GOAL OF THE EXERCISE:
Repeat the data exactly, leaving out any image.

EXERCISE DATA:
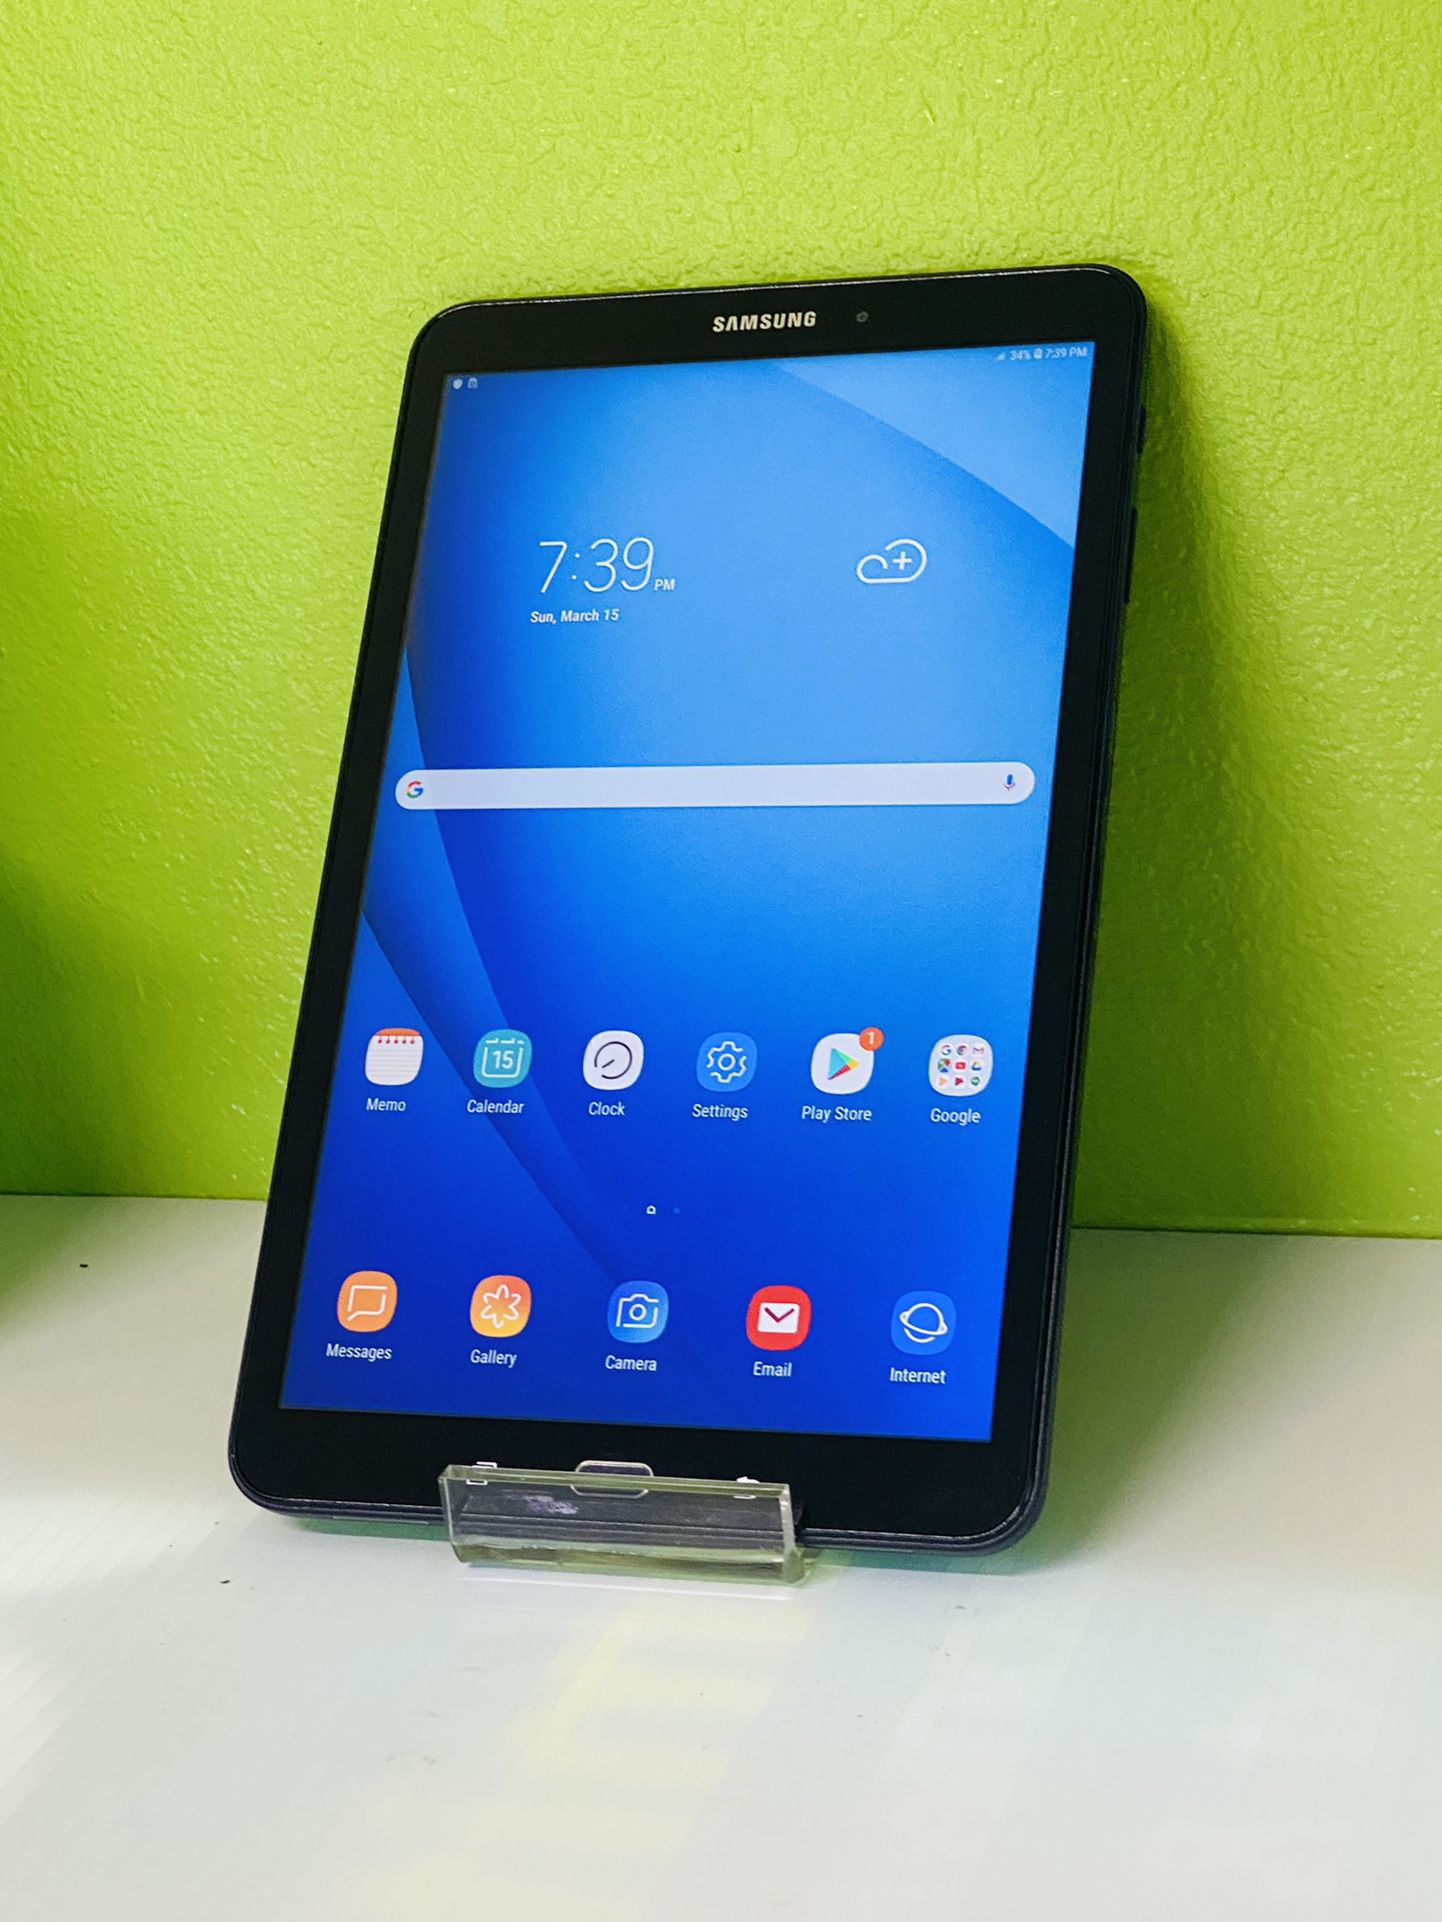 💥SAMSUNG TABLET ON SALE TODAY 💥
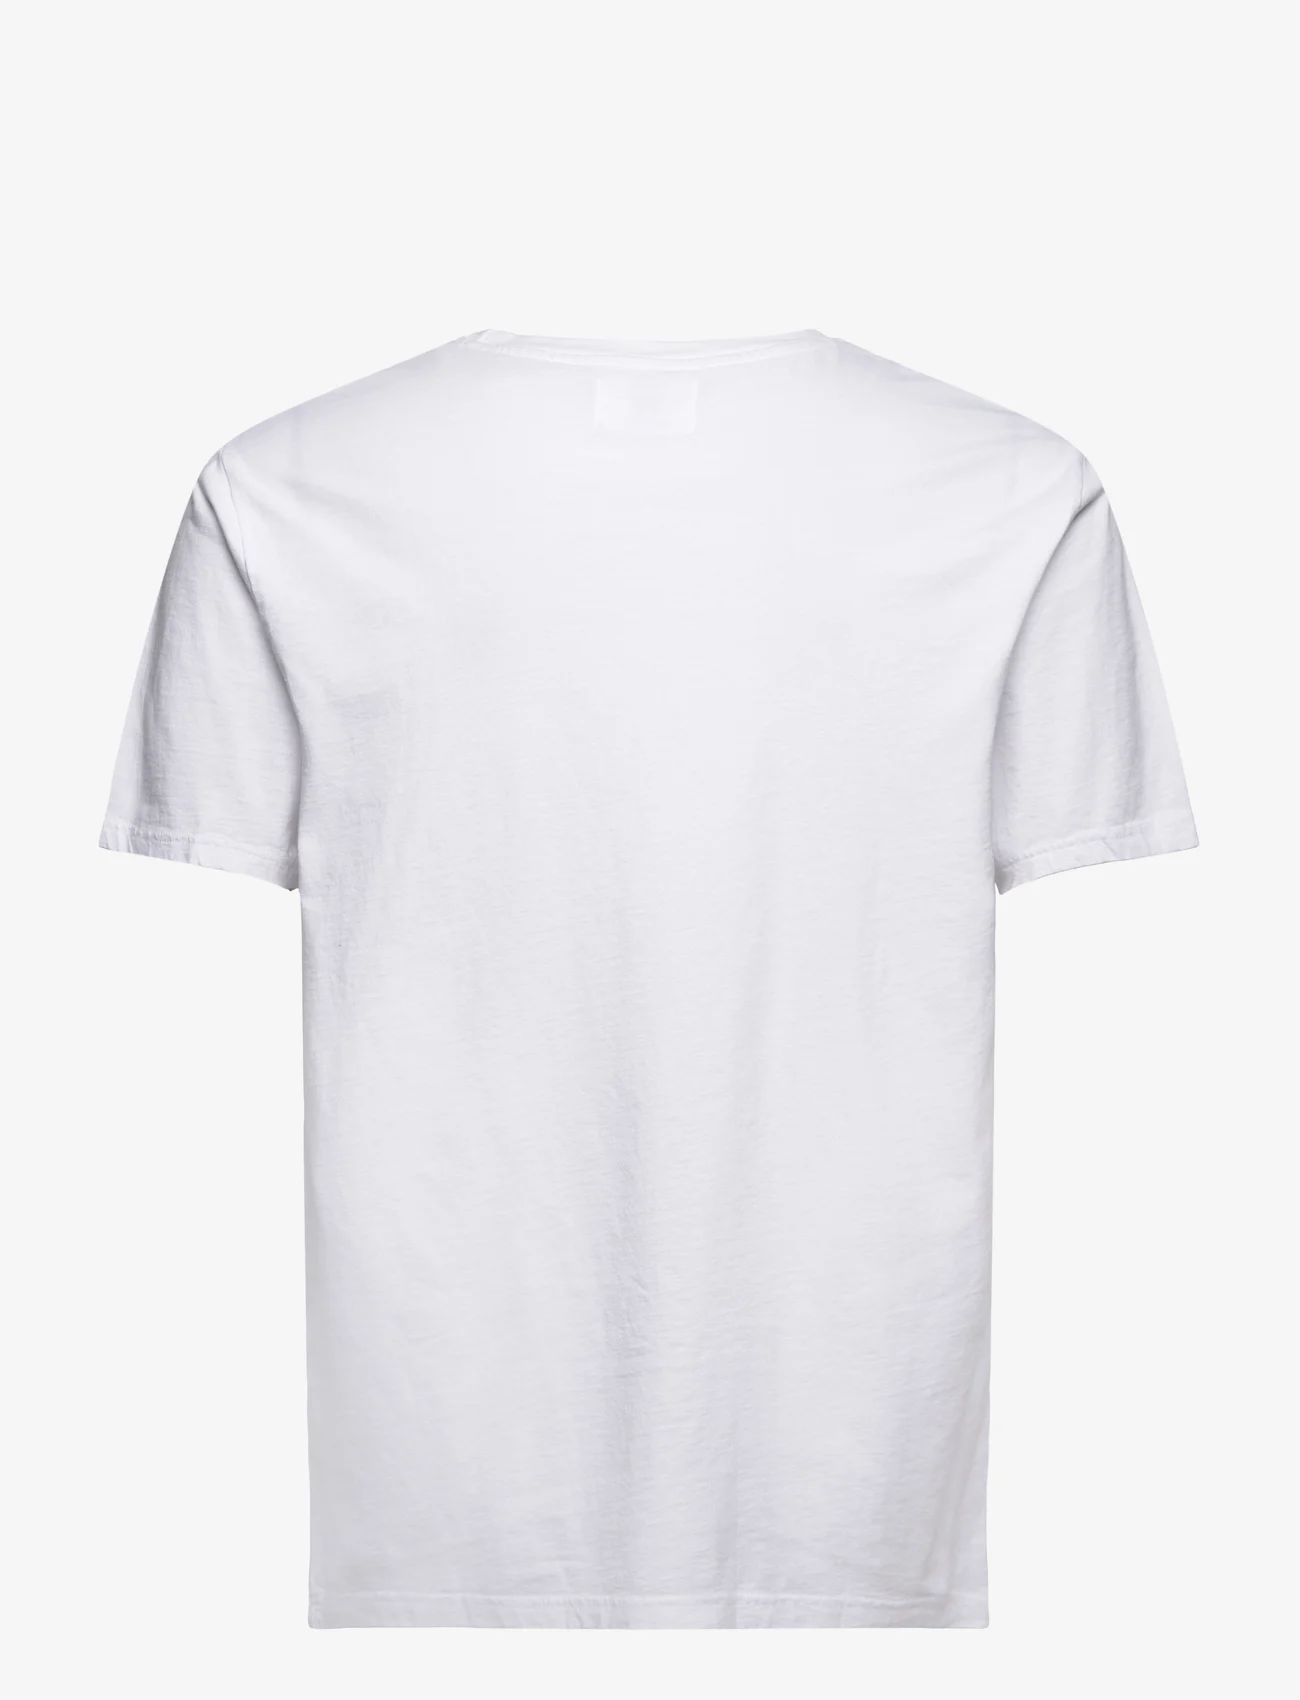 Double A by Wood Wood - Ace T-shirt - kortermede - white/white - 1
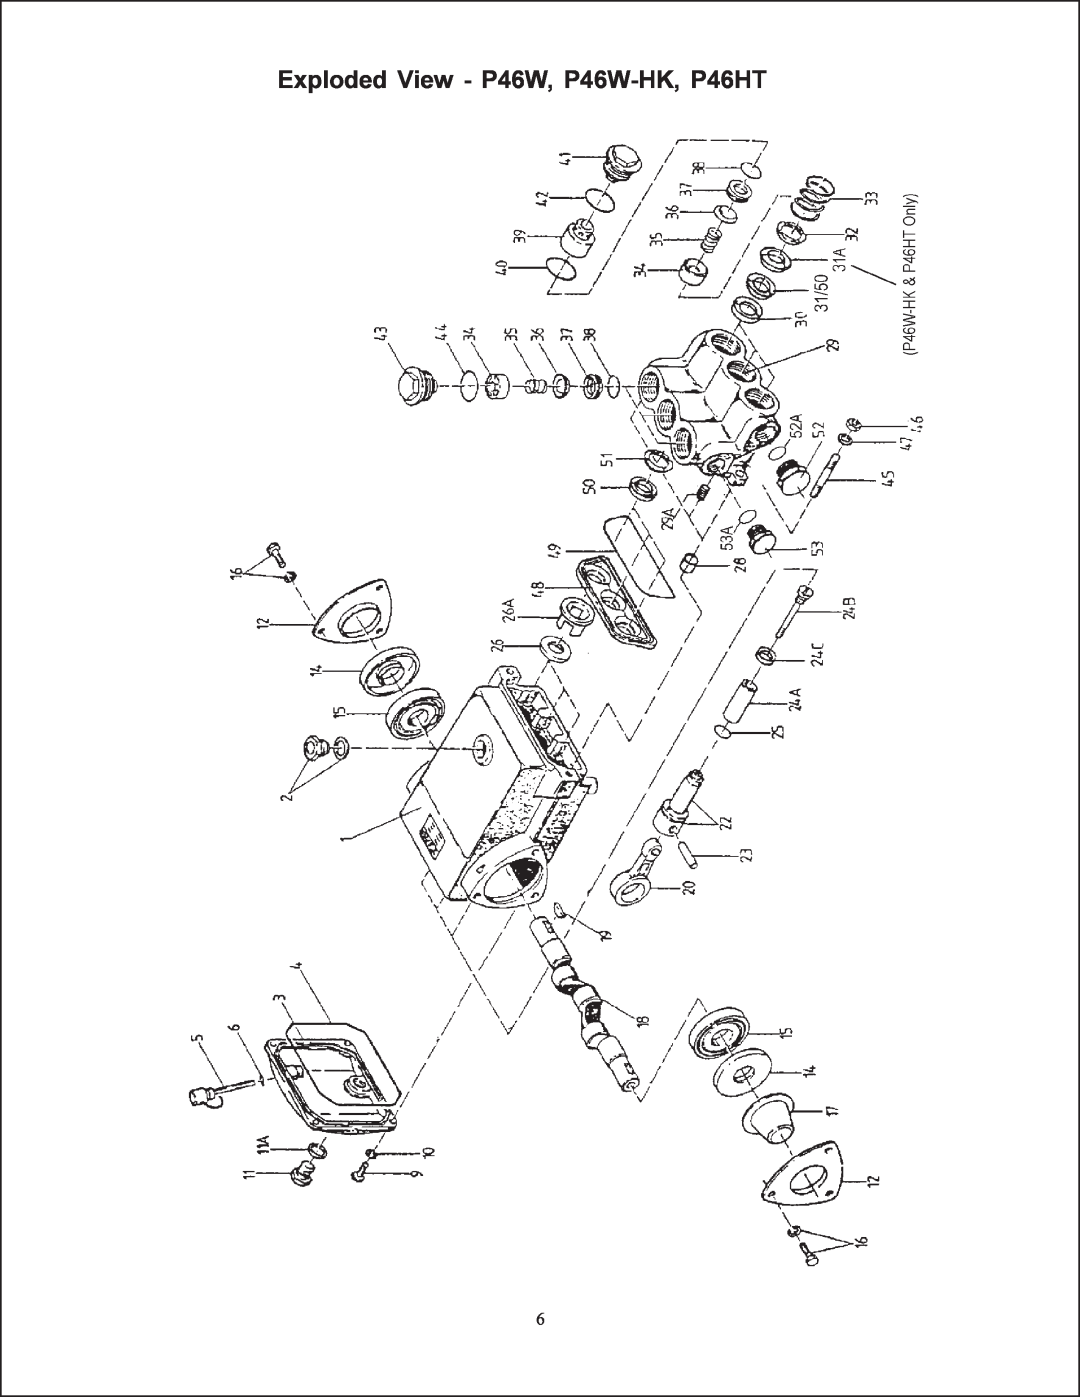 Giant p46w service manual Exploded View - P46W, P46W-HK, P46HT

EXERCISE ANSWER:
 💥SAMSUNG TABLET ON SALE TODAY 💥
 Double A by Wood Wood - Ace T-shirt - kortermede - white/white - 1
 Giant p46w service manual Exploded View - P46W, P46W-HK, P46HT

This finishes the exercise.